Impacto existirá. Será relevante mas, também, heterogêneo. Saneamento deverá ser pouco afetado, mesmo porque é arma essencial na batalha da saúde. Energia deverá ter queda maior, em função da economia rodando mais lentamente. Transporte coletivo e aviação, até em função da quarentena, já estão sendo duramente afetados. Transporte coletivo urbano e metropolitano já caiu mais da metade, e em alguns casos a um terço ou um quarto, e os aeroportos estão desertos. Congonhas, por exemplo, não funcionará em abril e Guarulhos caiu a algo como 10% do movimento pré-pandemia. Os portos mantêm seus ritmos e, alguns setores, até aumentaram a movimentação recentemente, muito porque as exportações de soja e minério cresceram, talvez porque China e outros países estão reforçando seus estoques estratégicos. O ministro da Infraestrutura, Tarcísio Gomes de Freitas, fala na grande atratividade dos projetos de infraestrutura brasileiros no pós-pandemia.
Teremos mesmo essa atratividade? Os investidores internacionais terão condições de participar desses projetos ou esses planos devem ser adiados, esperando uma recuperação do setor privado?
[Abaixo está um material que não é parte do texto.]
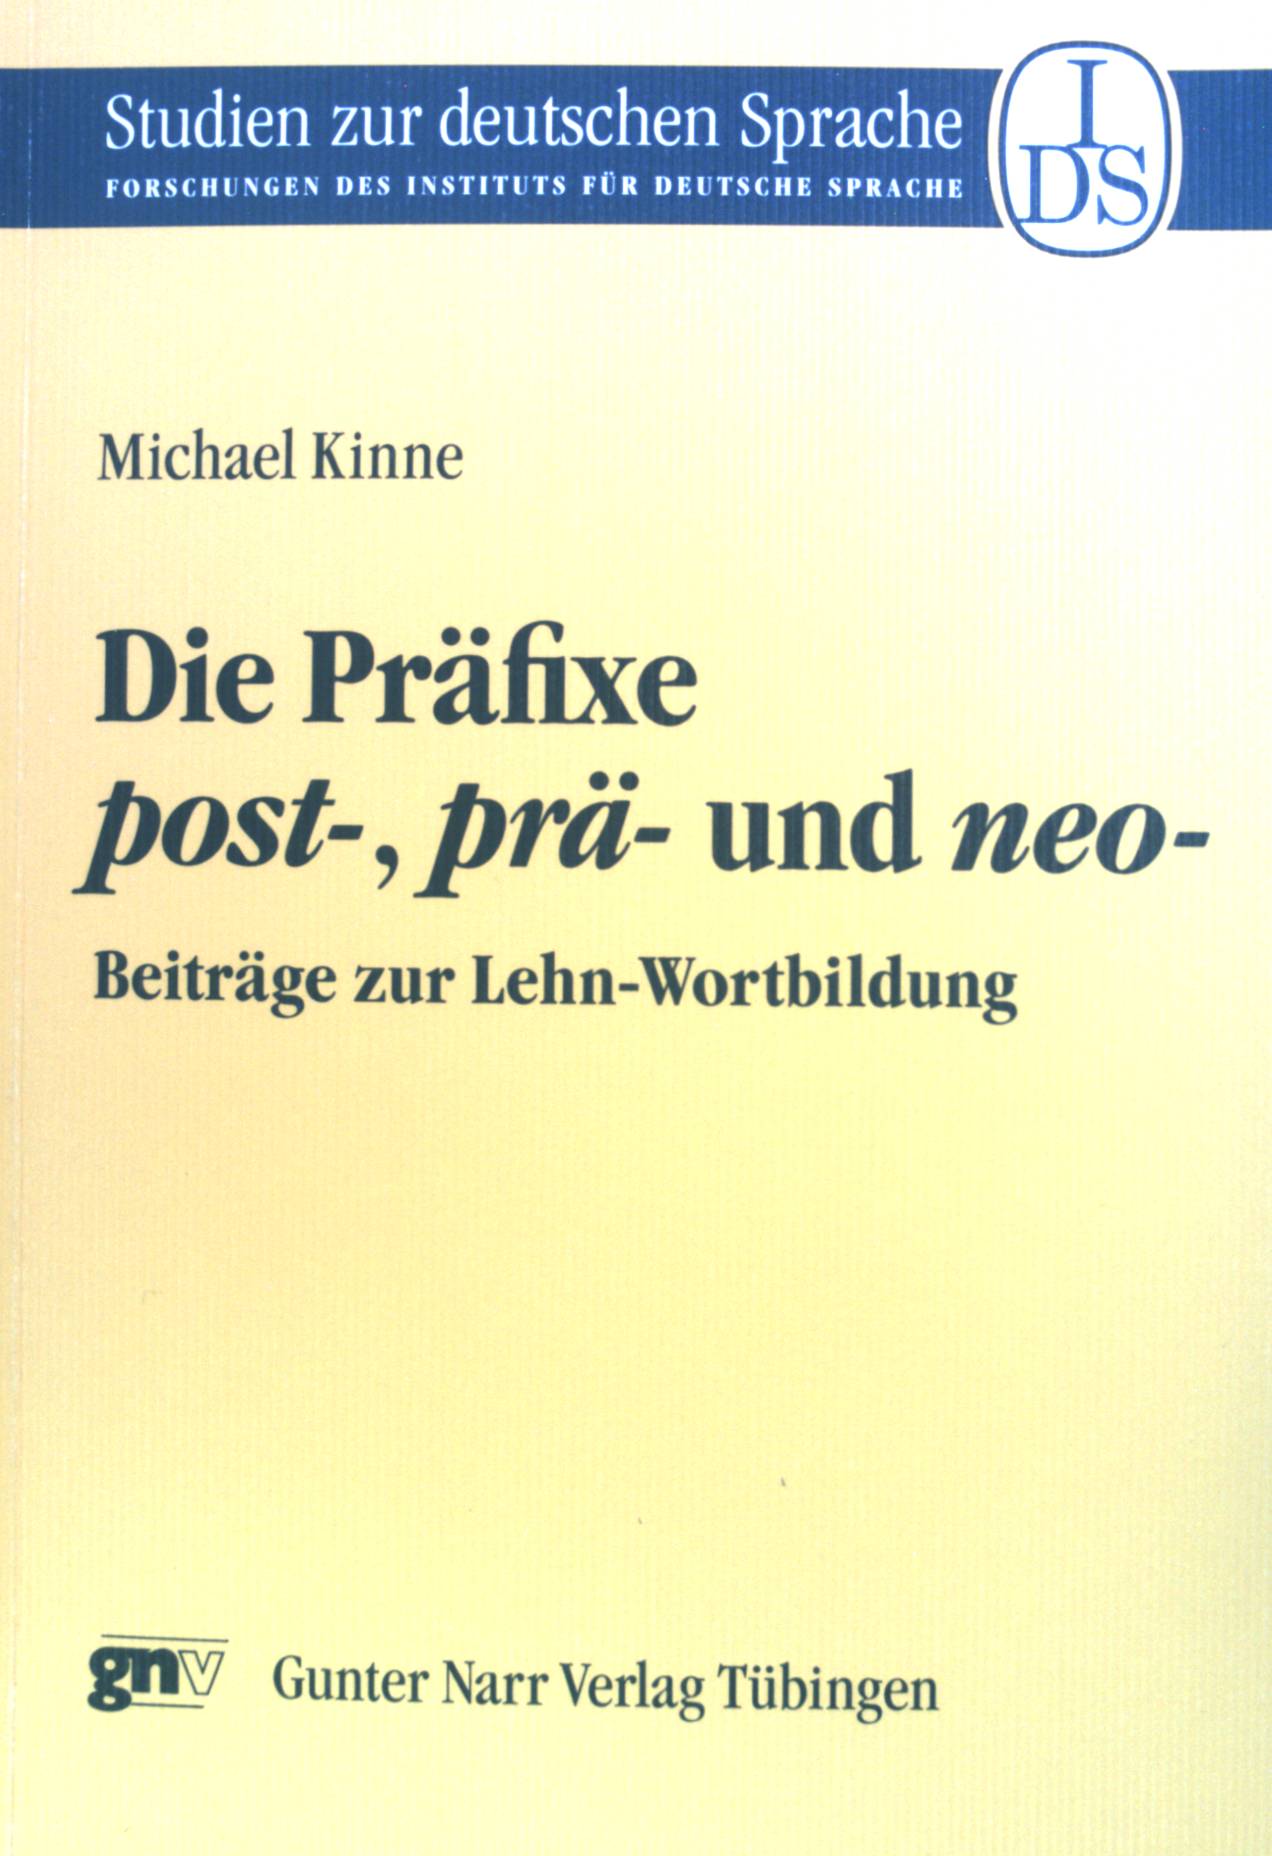 Die Präfixe post-, prä-, und neo- : Beiträge zur Lehn-Wortbildung. Studien zur deutschen Sprache ; Band. 18 - Kinne, Michael

Saída de investidores e investimentos já vinha acontecendo. Em 2019, por exemplo, noticiou-se que a B3 perdeu cerca de R$ 180 milhões por dia. Em janeiro e fevereiro, foi cerca de cinco vezes mais. Já em março, houve o maior volume mensal de evasão da série histórica. Durante essa crise os analistas avaliam que essa saída de investidores e de investimentos seguirá. Inclusive o Banco Central já reduziu de US$ 80 bilhões para US$ 60 bilhões a expectativa de investimento direto no país para o acumulado do ano. Apesar de todo o esforço dos governos, o cronograma de leilões de concessão deve sofrer postergações. Mas no pós-pandemia, o ministro Tarcísio tem razão. Haverá muita demanda reprimida na economia brasileira e mundial. Portanto, muitas oportunidades a serem exploradas, tanto pelos investidores estrangeiros como nacionais. Lógico que não será uma mera retomada da situação pré-pandemia – já está claro que a economia sofrerá grande transformação como, aliás, diversas outras dimensões da nossa vida pessoal, familiar, profissional, social e política. Essencial, portanto, nos prepararmos para esse novo cenário. E, pelo que se tem observado, inovações na forma de se produzir, distribuir e consumir no Brasil pululam. Quais os maiores riscos para o setor de transportes no pós-pandemia? Demanda existirá. A dificuldade está mais pelo lado da oferta. Apontaria três riscos: a quebradeira das empresas, a necessidade de repactuação dos contratos descumpridos e demissões que já têm ocorrido. Demandará algum tempo e muito esforço para se organizar tudo isso.